The next afternoon, the merchant’s son set sail for home in a ship laden with one bag of gold for every sack of salt.
. . .
“Your grandmother told you that?”
“She did.”
. . .
“It is a good story. . . .”
“Yes, it is.”
. . .
“But it doesn’t absolve you.”
“I should think not.”
An Alliance
At 5:45, with his five waiters standing at their stations, the Count made his nightly rounds of the Boyarsky. Beginning in the northwest corner, he circulated through the twenty tables to ensure that every setting, every saltcellar, every vase of flowers was in its proper place.
At table four a knife was realigned to be parallel with its fork. At table five a water glass was moved from midnight to one o’clock. At table six a wine glass that had a remnant of lipstick was whisked away, while at table seven the soap spots on a spoon were polished until the inverted image of the room could be clearly seen on the surface of the silver.
This, one might be inclined to observe, is exactly how Napoleon must have appeared when in the hour before dawn he walked among his ranks, reviewing everything from the stores of munitions to the dress of the infantry—having learned from experience that victory on the field of battle begins with the shine on a boot.
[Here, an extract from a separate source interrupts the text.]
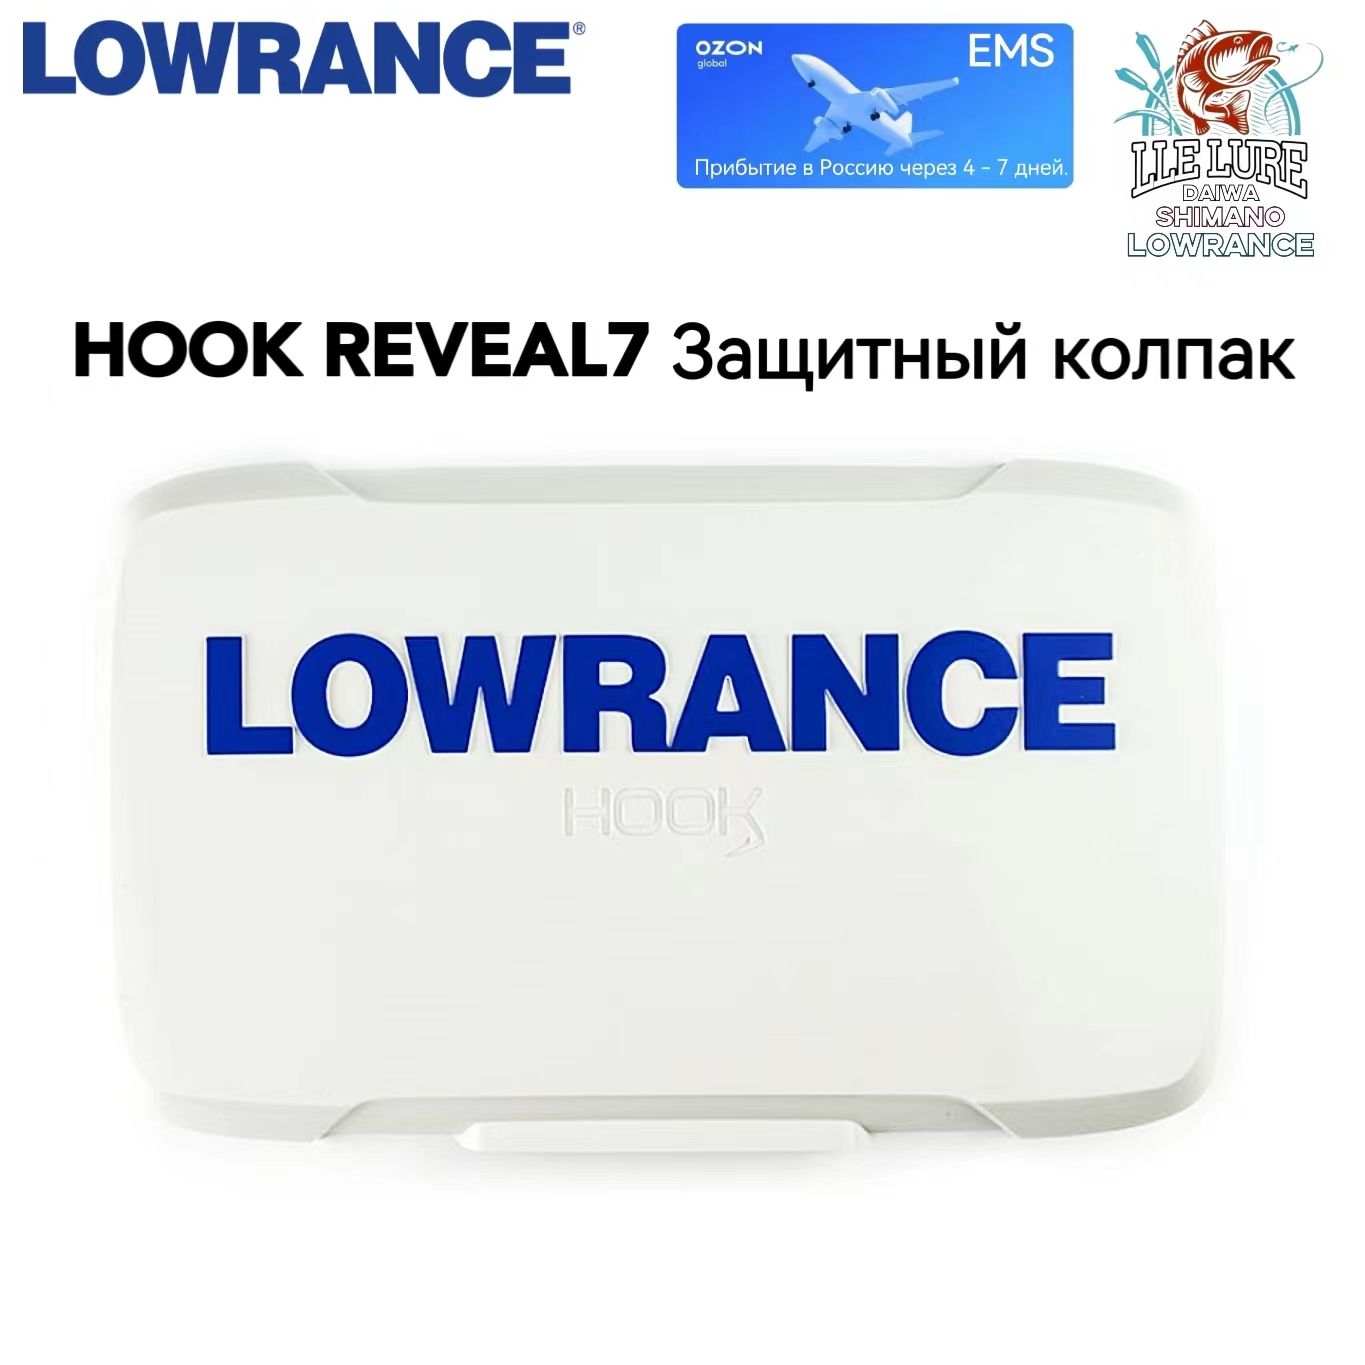 LOWRANCE HOOK REVEAL 7 Защитный колпак - купить с доставкой по

But many of Napoleon’s greatest battles lasted only a day and were never to be fought again. . . .
As such, the more apt analogy might be that of Gorsky at the Bolshoi. Having studied the intent of the composer, collaborated closely with his conductor, trained his dancers, overseen the design of the costumes and sets, Gorsky also walked his ranks in the minutes before battle. But once the curtain fell and the audience departed, there would be no parade along the Champs-Élysées. For in less than twenty-four hours, his ballerinas, musicians, and technicians would reassemble to execute the same performance to the same standard of perfection. Now that was the life of the Boyarsky—a battle that must be waged with exacting precision while giving the impression of effortlessness, every single night of the year.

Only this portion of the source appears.